Ora che l'ho ritrovata. Percorro il corridoio in silenzio. Dalle
camere
ai lati mi arrivano respiri affannati e doloranti. Tutto intorno
un
odore di pulito e di lavande. Ma un non so che di falso. Un uomo
si
trascina in pigiama con la barba incolta e gli occhi spenti. Ha
sottobraccio
una "Gazzetta dello Sport" di un rosa accartocciato. Forse
l'acquisto da parte della sua squadra di un nuovo giocatore
potrebbe
in qualche modo riaccenderlo. Chissà. Nel dolore le cose più
semplici
e banali assumono un valore inaspettato. Tutto diventa un
qualsiasi
appiglio per la vita, un interesse che in qualche modo ci possa
distrarre. Eccola. Sta riposando. Persa in un cuscino molto più
grande
del suo piccolo viso. Mi vede e sorride.
"Ciao, Stefano..."
Prendo una sedia lì vicino e mi metto ai piedi del suo letto.
"Allora?"
Mi guarda interrogativa. So già a cosa allude.

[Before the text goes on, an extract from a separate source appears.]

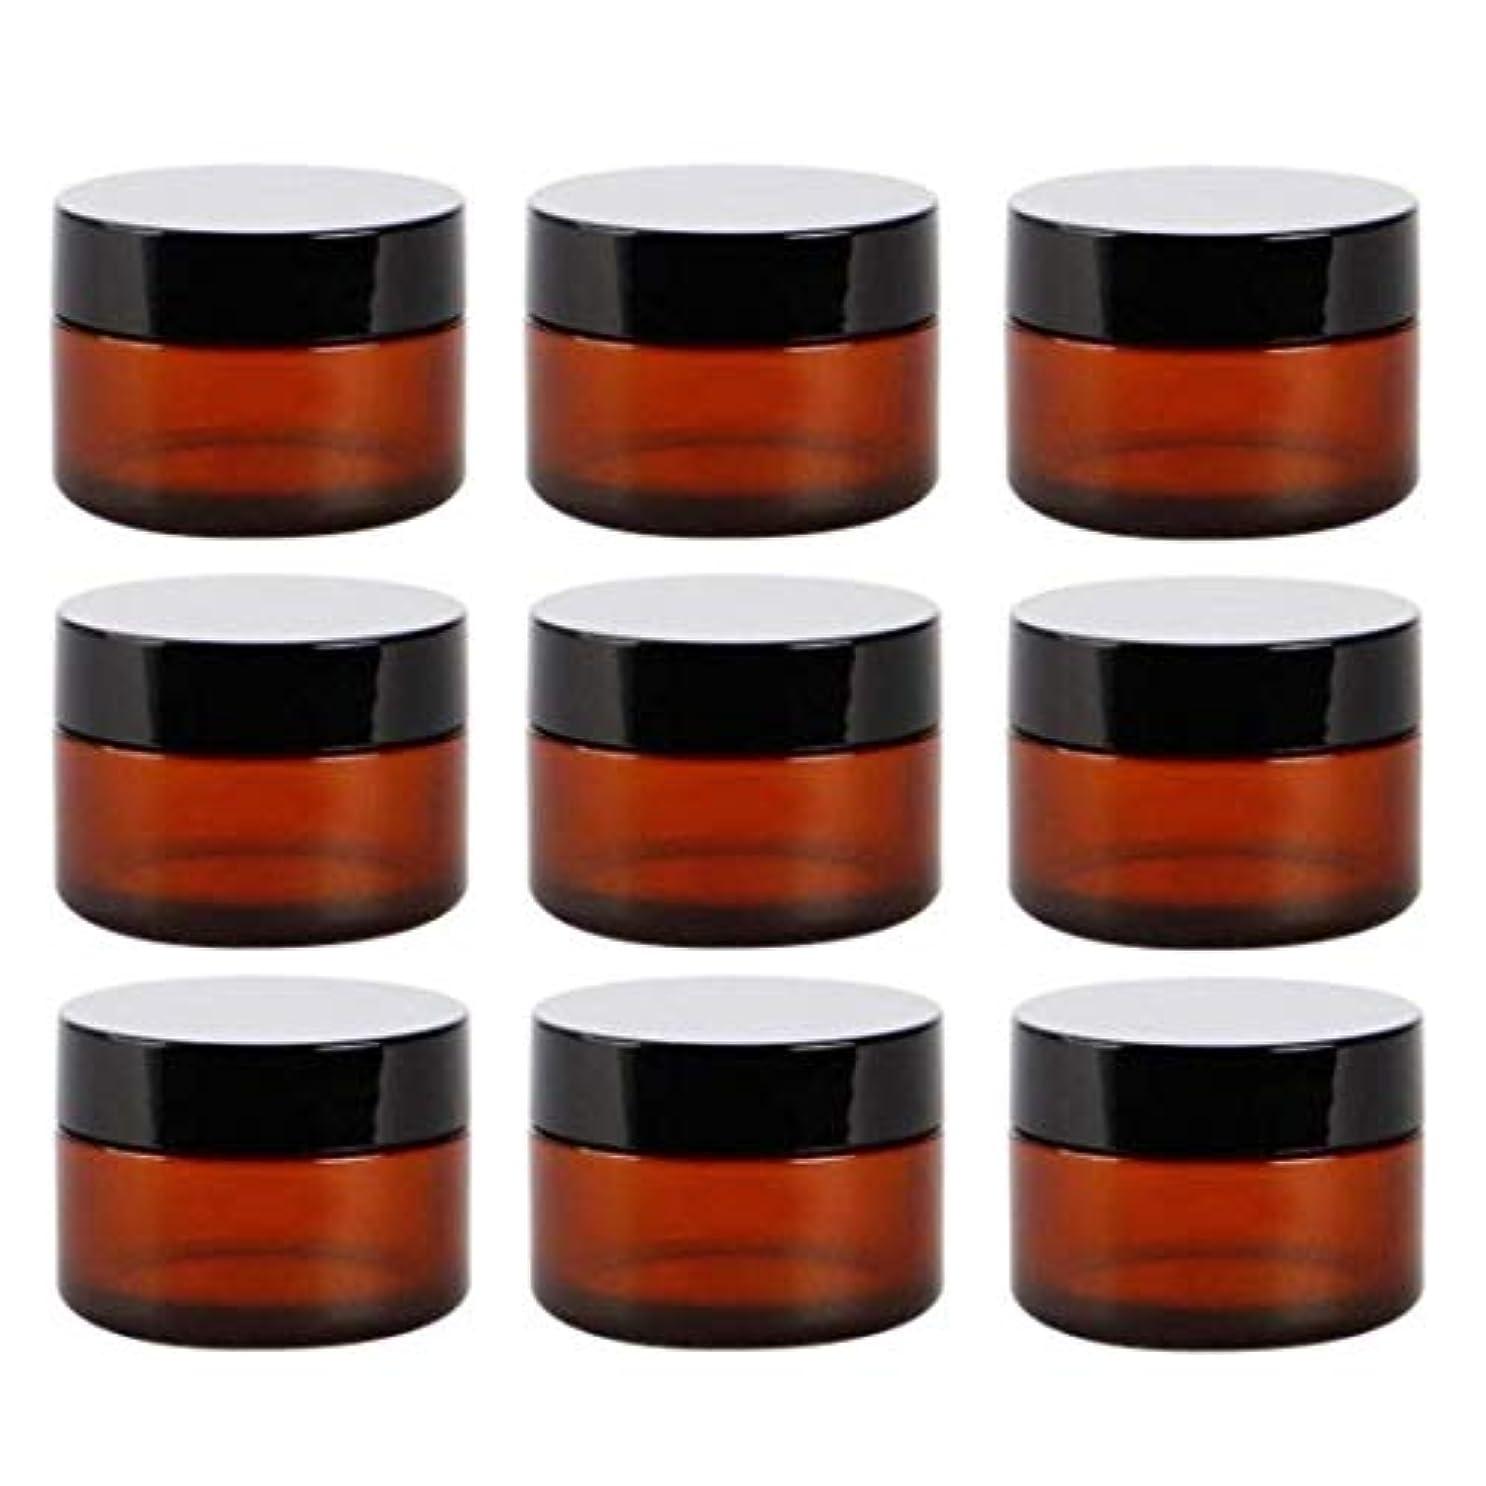 失われたリベラル脅迫アロマオイル 精油 香水やアロマの保存 小分け用 遮光瓶 詰替え ガラス製 9本セット茶色10g

"Niente, non ce l'ho fatta. Mi dispiace. Gliel'ho detto."
"E com'è andata?"
"Mi ha picchiato."
"Oh, finalmente una che ti mena. Hai scelto la strada più
difficile.
È una ragazza molto particolare? "
La descrivo.
"E ho una foto."
Gliela faccio vedere. È curiosa. Piccole rughe appaiono sul suo
viso. Poi un sorriso di sorpresa. Poi di nuovo un segno di dolore
da
qualche parte nel suo corpo, nascosta, ben nascosta. Purtroppo.
"Ti devo dire una cosa..."
Mi preoccupo. Se ne accorge.
"No, Stefano. Non è niente d'importante... Cioè lo è, ma non
ti devi preoccupare."
Rimane per un po' in silenzio. Indecisa se dirmelo o no. Sembriamo
tornati a tanto tempo prima, quando io ero piccolo e lei,
lei stava bene. Mi faceva gli scherzi, mi nascondeva le cose, mi
prendeva
in giro, ci mettevamo a ridere. Mi viene da piangere. Non ci
voglio pensare.
"Allora, mamma, mi dici?"
"Io la conosco, Ginevra."
"La conosci?"
"Sì, hai molto gusto, cioè lei ha avuto molto gusto... insomma
è lei che ti ha scelto e tu hai combinato questo guaio..."
Preferisco non pensarci.
"Ma come la conosci? Cioè, come hai fatto?"